▸ COLLECTED MATERIAL:
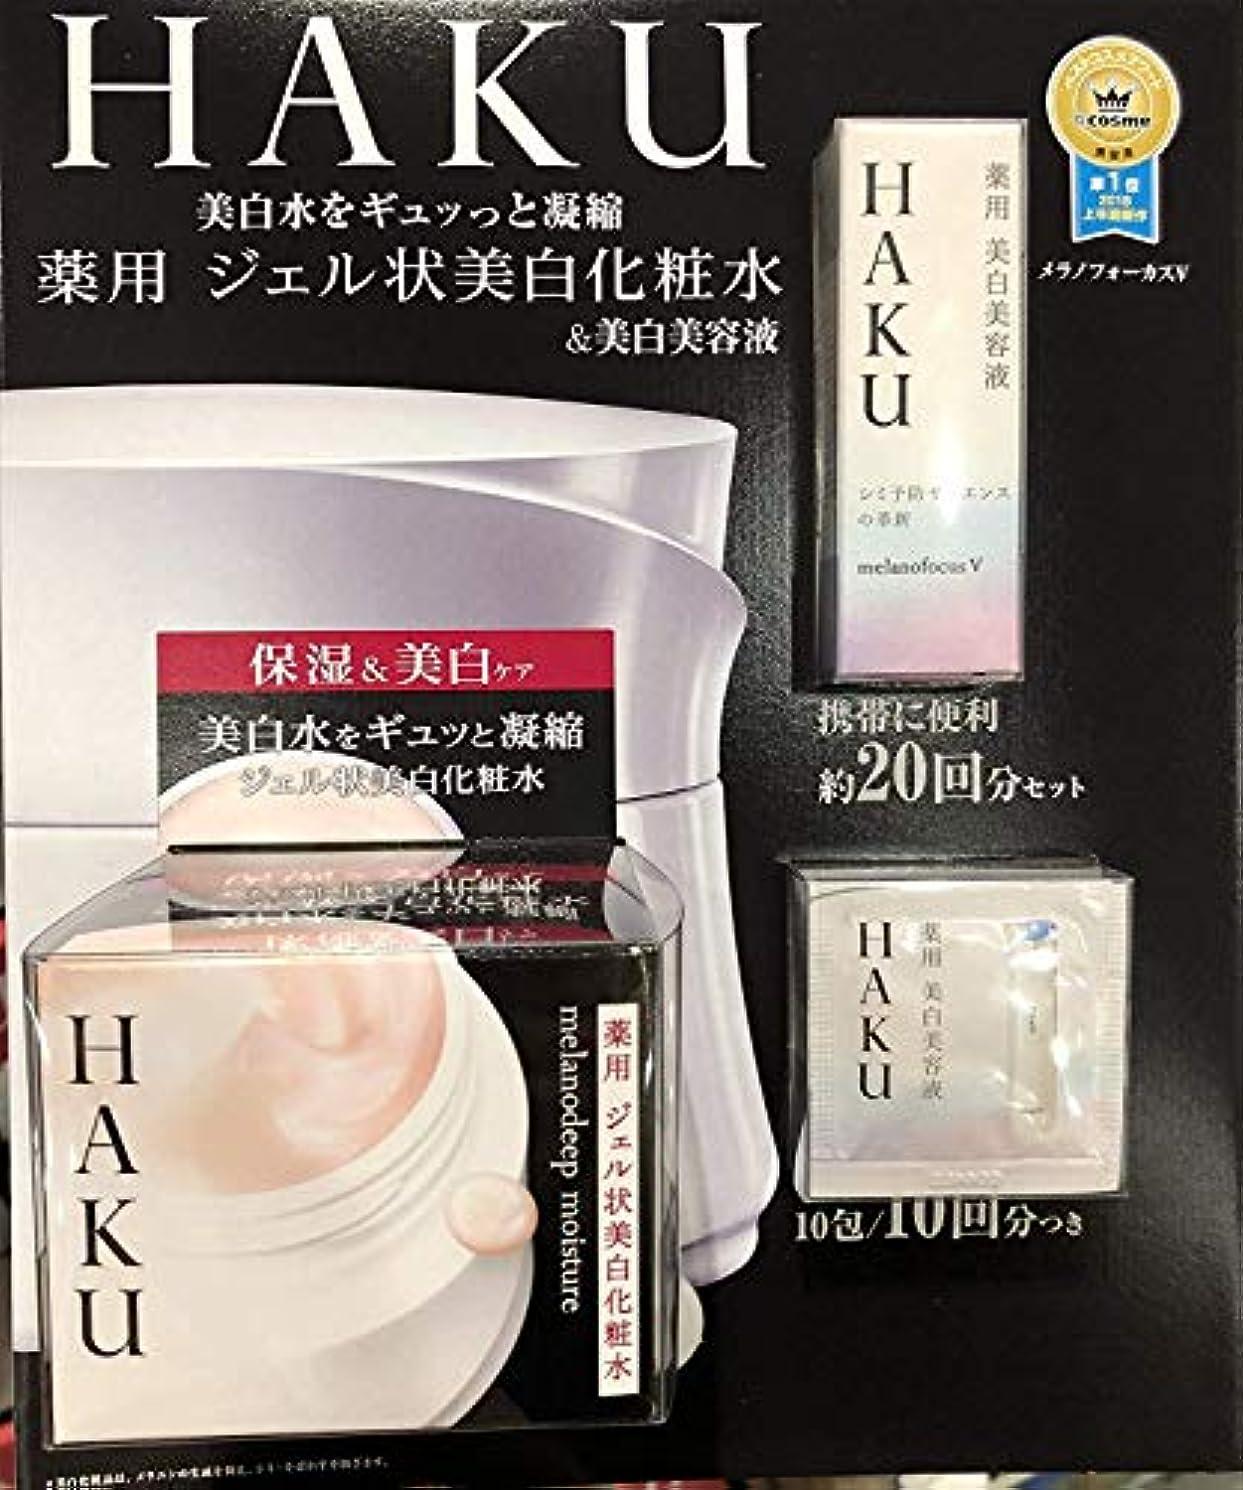 スプリット甲虫クマノミ資生堂 HAKU 美白セット 薬用 ジェル状美白化粧水&薬用美白乳液セット
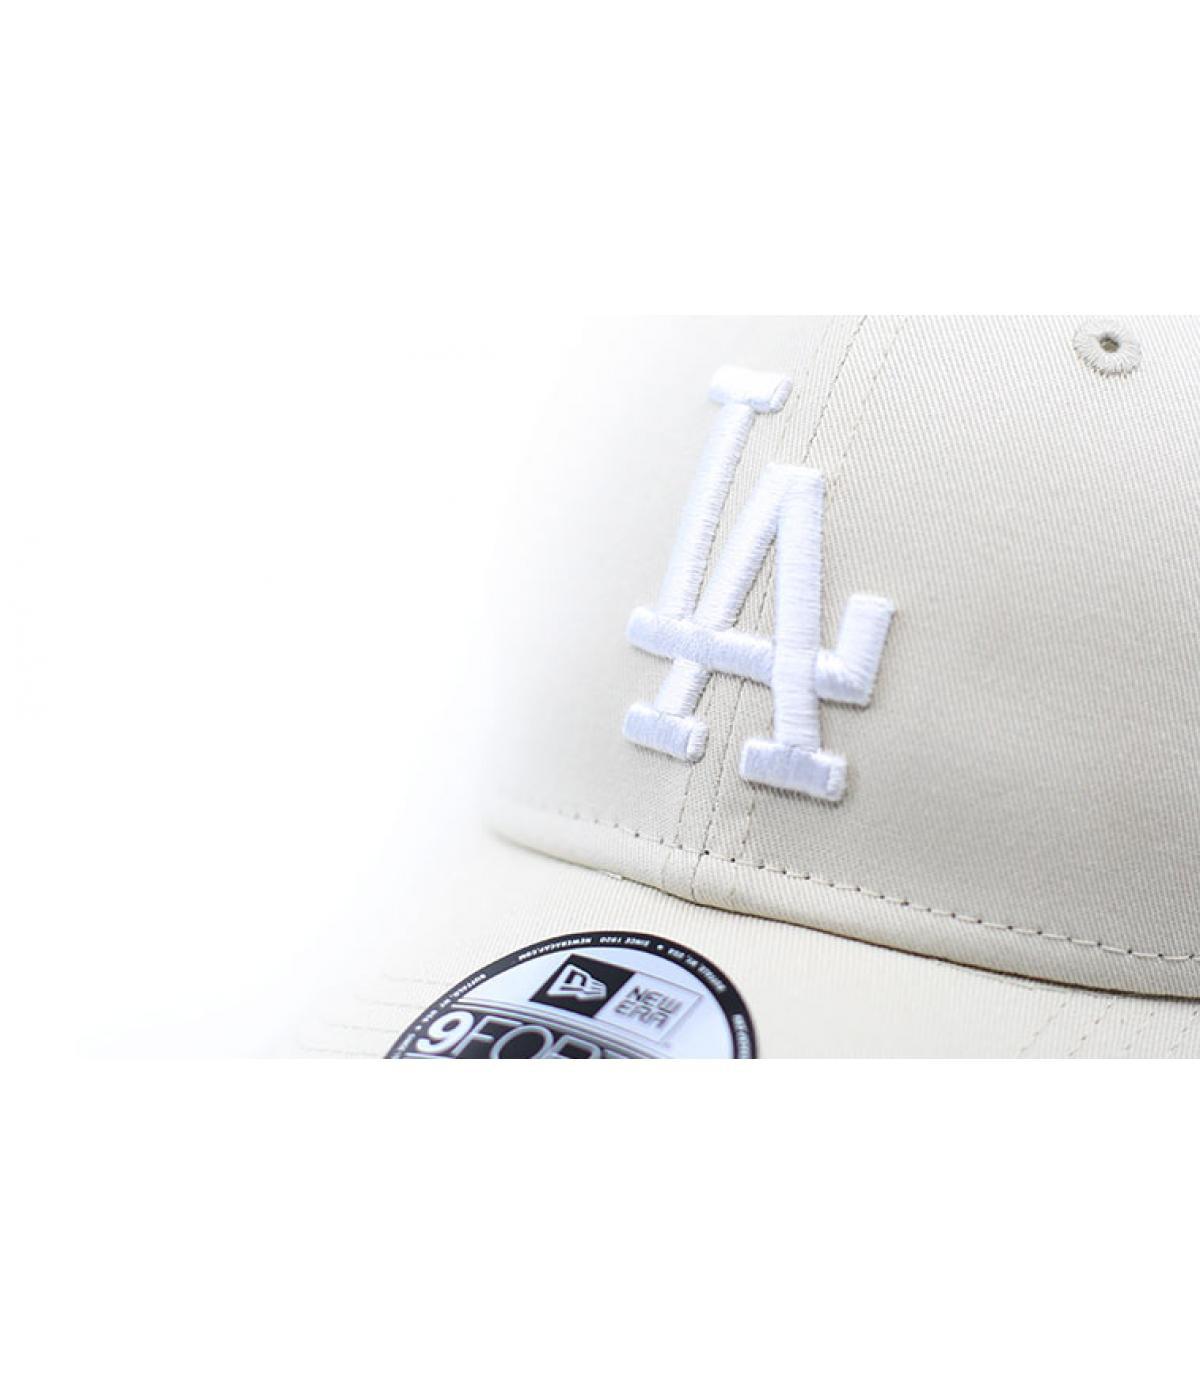 Dettagli League Ess 9forty LA off white - image 3
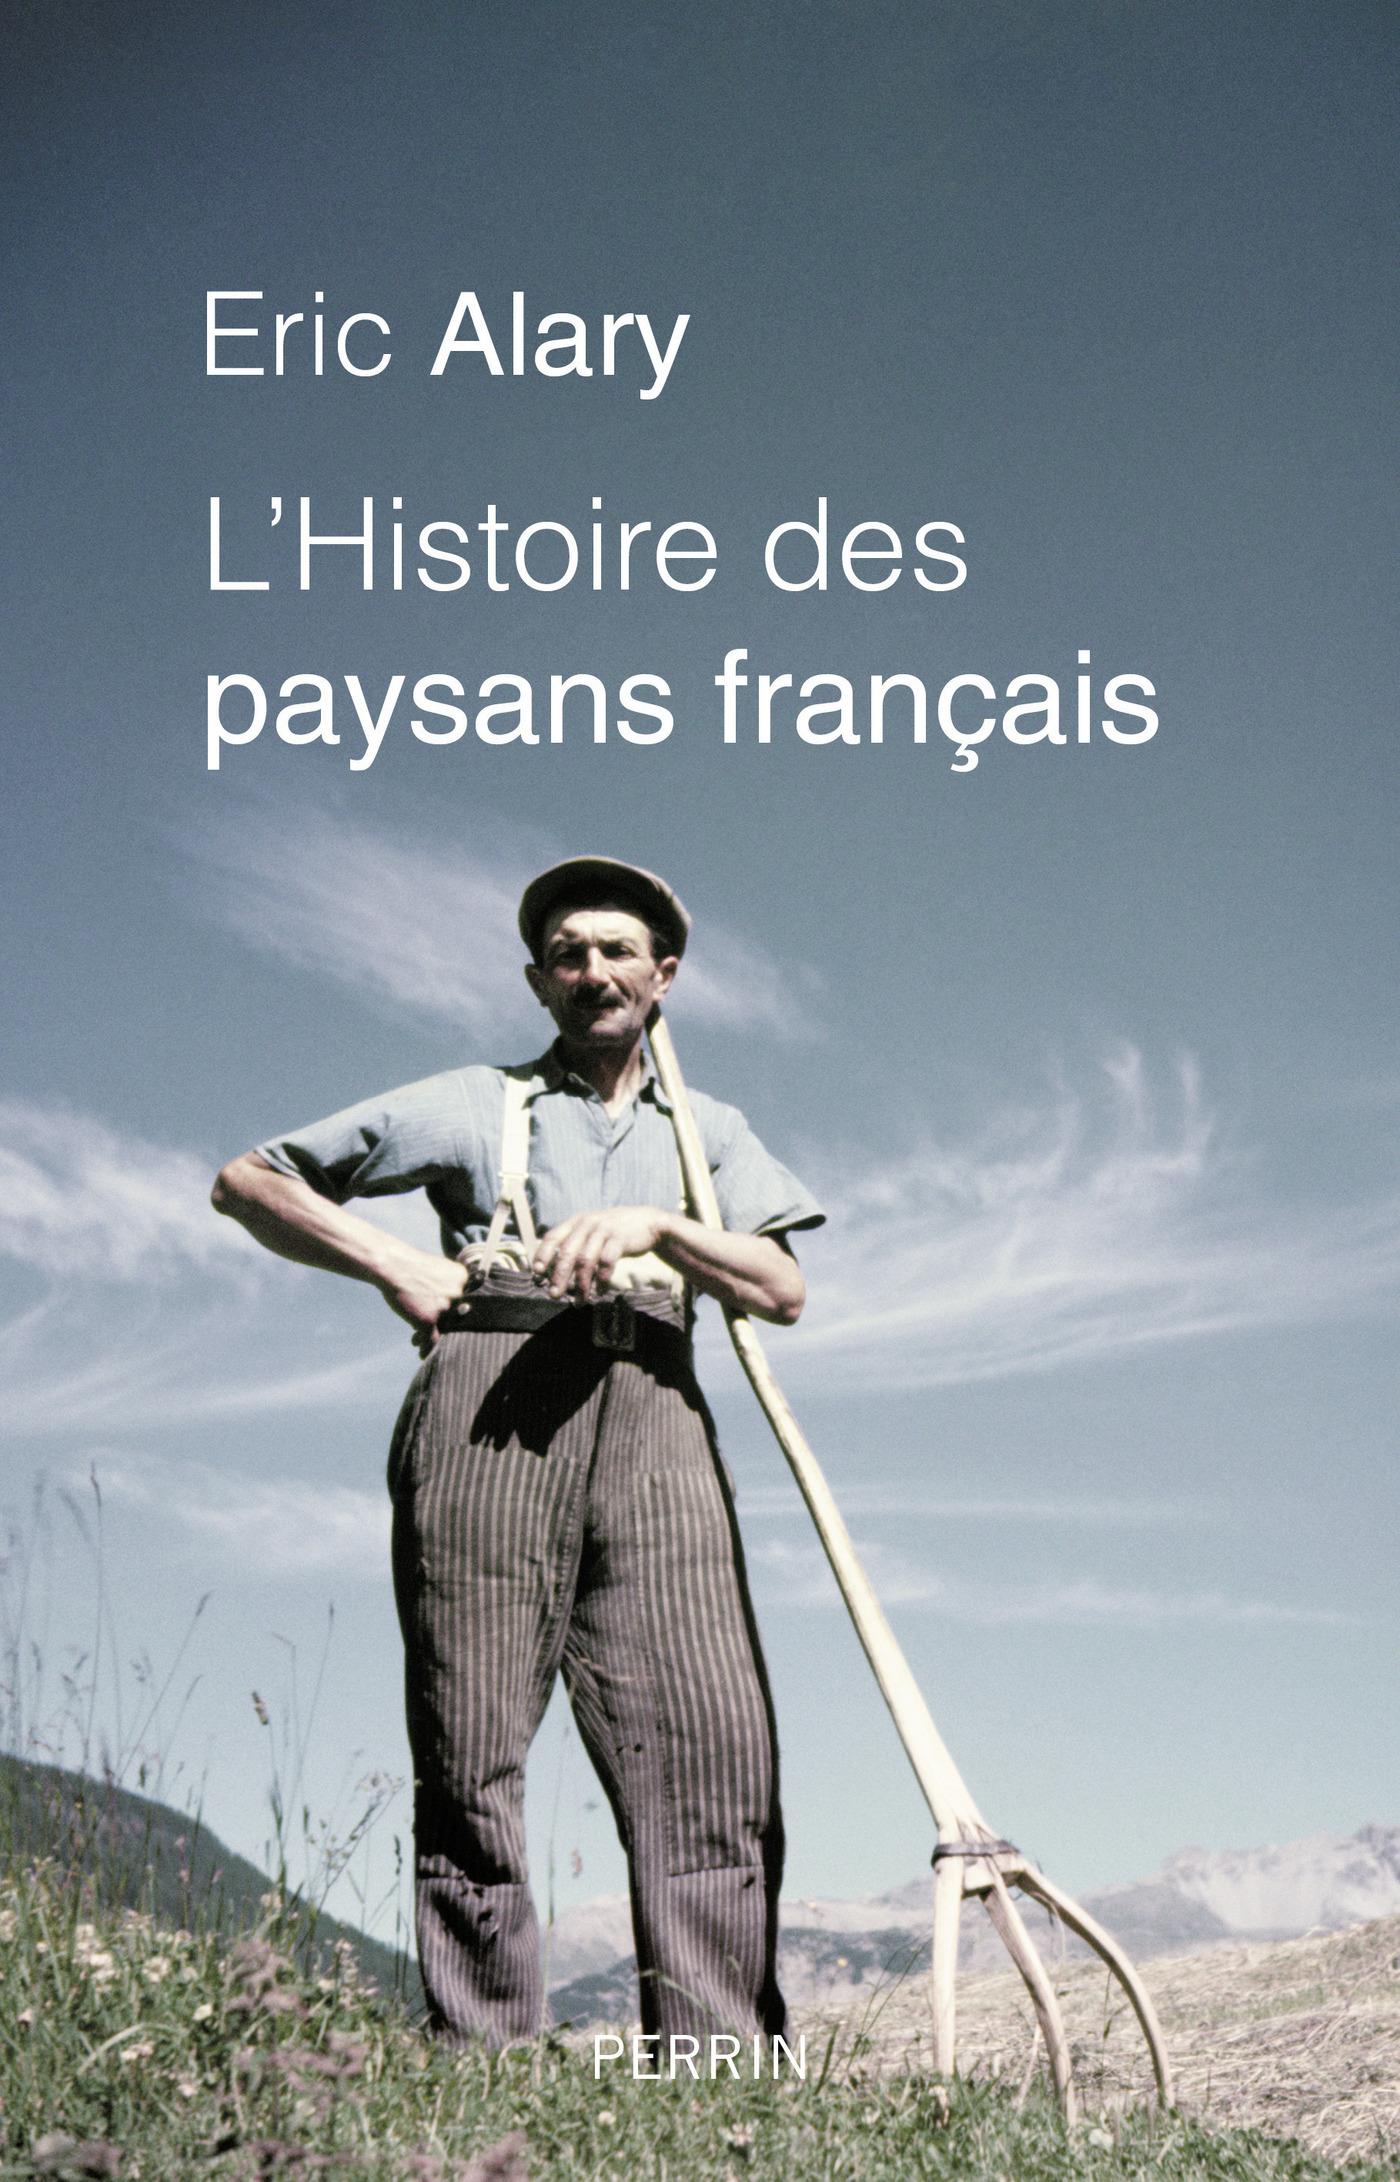 L'Histoire des paysans français (ebook)

▸ TASK REQUIREMENTS: Copy verbatim the span that begins at the line containing "Dettagli League Ess" and ends at the last line of the material, inclusive of both; exclude pictures.

▸ RESPONSE BOX:
 Dettagli League Ess 9forty LA off white - image 3
 L'Histoire des paysans français (ebook)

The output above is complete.